Question

find Sn & Sx of the series
$\frac{1}{1 \times 2} + \frac{1}{2 \times 3} + \frac{1}{3 \times 4} + ..........$
​

Answer 1

Question:-

⇒ Find $S_{n}$ & $S_{\infty}$ of the series

$\frac{1}{1*2} + \frac{1}{2*3} + \frac{1}{3*4} + ............$

Answer:-

⇒ As it is given that

$\frac{1}{1*2} + \frac{1}{2*3} + \frac{1}{3*4} + ............$

∴ $T_{n} = \frac{1}{n(n+1)} = \frac{n + 1 - n}{n(n+1)}$     { last - first]
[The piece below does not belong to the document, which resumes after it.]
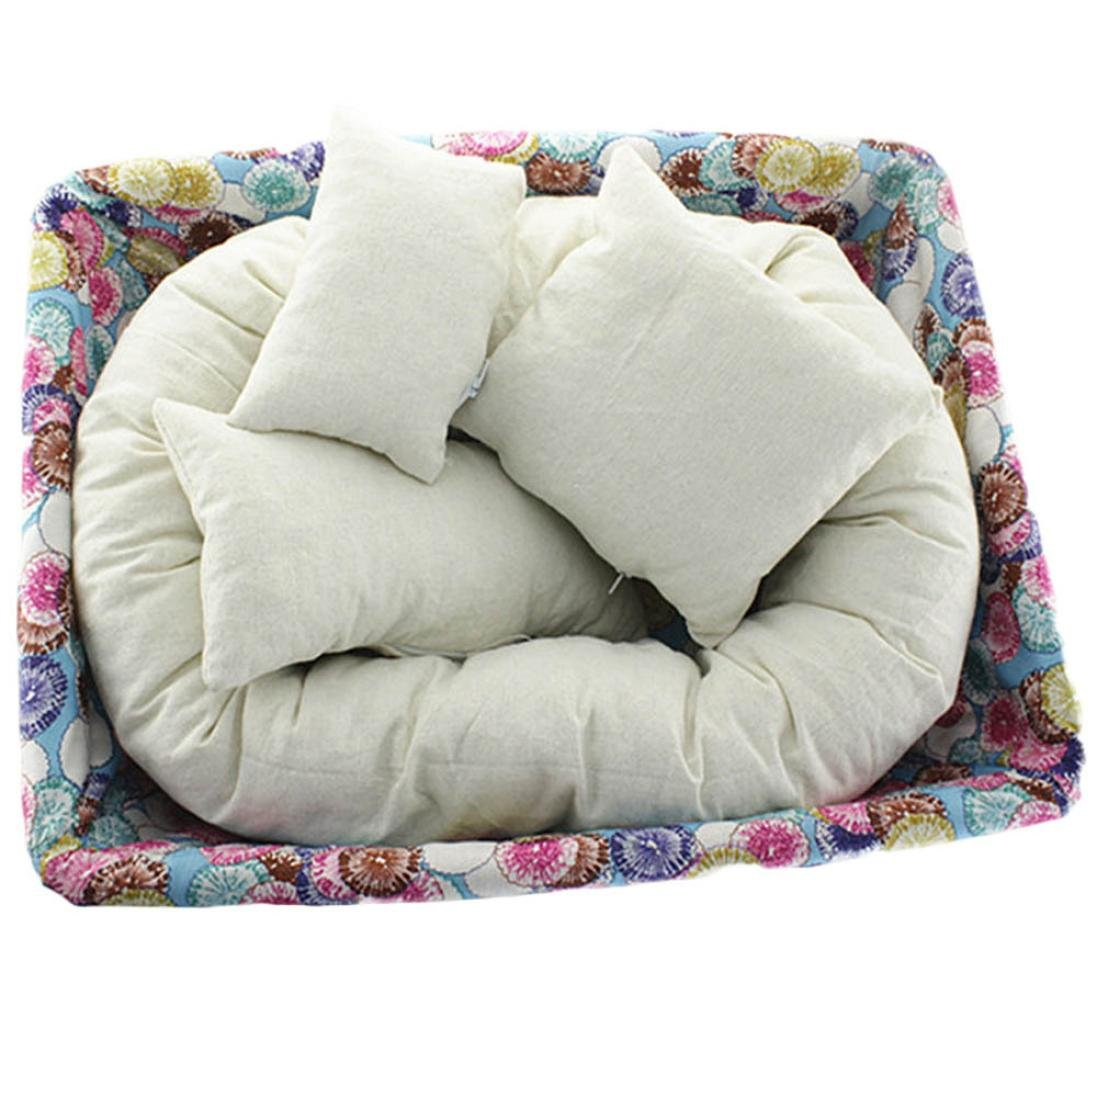 Baby Pillow - Kingwo child pillow 0-6 months baby Pillow toddler pillow 4 PC Newborn Photography Basket Filler Wheat Donut Posing Props Baby Pillow Echobaby

⇒ $T_n = \frac{1}{n} - \frac{1}{n+1}$  ---------> [ to consecative term ]

therfore:-

 $S_n =$ ∑$T_n = T_1 + T_2 + ......... + Tn$

 $S_n =$ ∑$( \frac{1}{n} - \frac{1}{n+1} )$

$S_n = [ \frac{1}{n} - \frac{1}{1+1} + \frac{1}{2} - \frac{1}{2+1} + \frac{1}{3} - \frac{1}{3+1} +........+ \frac{1}{n} - \frac{1}{n+1} ]$

$[S_n = 1 - \frac{1}{n+1} = \frac{n+1-1}{n+1} = \frac{n}{1+n} ]$

$S_\infty = 1 - \frac{1}{\infty + 1} = 1 - \frac{1}{\infty}$

$S_\infty = 1 - 0$

$S_\infty = 1$

Thank you.....

Answer 2

We need to find general expression for,

$\longrightarrow S_n=\dfrac{1}{1\times2}+\dfrac{1}{2\times3}+\dfrac{1}{3\times4}+\,\dots\,+\dfrac{1}{n(n+1)}$

or,

$\displaystyle\longrightarrow S_n=\sum_{k=1}^n\dfrac{1}{k(k+1)}$

$\displaystyle\longrightarrow S_n=\sum_{k=1}^n\dfrac{(k+1)-k}{k(k+1)}$

$\displaystyle\longrightarrow S_n=\sum_{k=1}^n\left[\dfrac{1}{k}-\dfrac{1}{k+1}\right]$

$\displaystyle\longrightarrow S_n=\sum_{k=1}^n\dfrac{1}{k}-\sum_{k=1}^n\dfrac{1}{k+1}$

$\displaystyle\longrightarrow S_n=\left(1+\dfrac{1}{2}+\dfrac{1}{3}+\,\dots\,+\dfrac{1}{n}\right)-\left(\dfrac{1}{2}+\dfrac{1}{3}+\,\dots\,+\dfrac{1}{n}+\dfrac{1}{n+1}\right)$

$\displaystyle\longrightarrow S_n=1-\dfrac{1}{n+1}$

$\displaystyle\longrightarrow\underline{\underline{S_n=\dfrac{n}{n+1}}}$

For $n\to\infty,$

$\displaystyle\longrightarrow S_\infty=\lim_{n\to\infty}\dfrac{n}{n+1}$

$\displaystyle\longrightarrow S_\infty=\lim_{n\to\infty}\dfrac{1}{\left(\dfrac{n+1}{n}\right)}$

$\displaystyle\longrightarrow S_\infty=\lim_{n\to\infty}\dfrac{1}{\left(1+\dfrac{1}{n}\right)}$

$\displaystyle\longrightarrow S_\infty=\dfrac{1}{1+0}\quad\quad\left[\because\lim_{n\to\infty}\dfrac{1}{n}=0\right]$

$\displaystyle\longrightarrow\underline{\underline{S_\infty=1}}$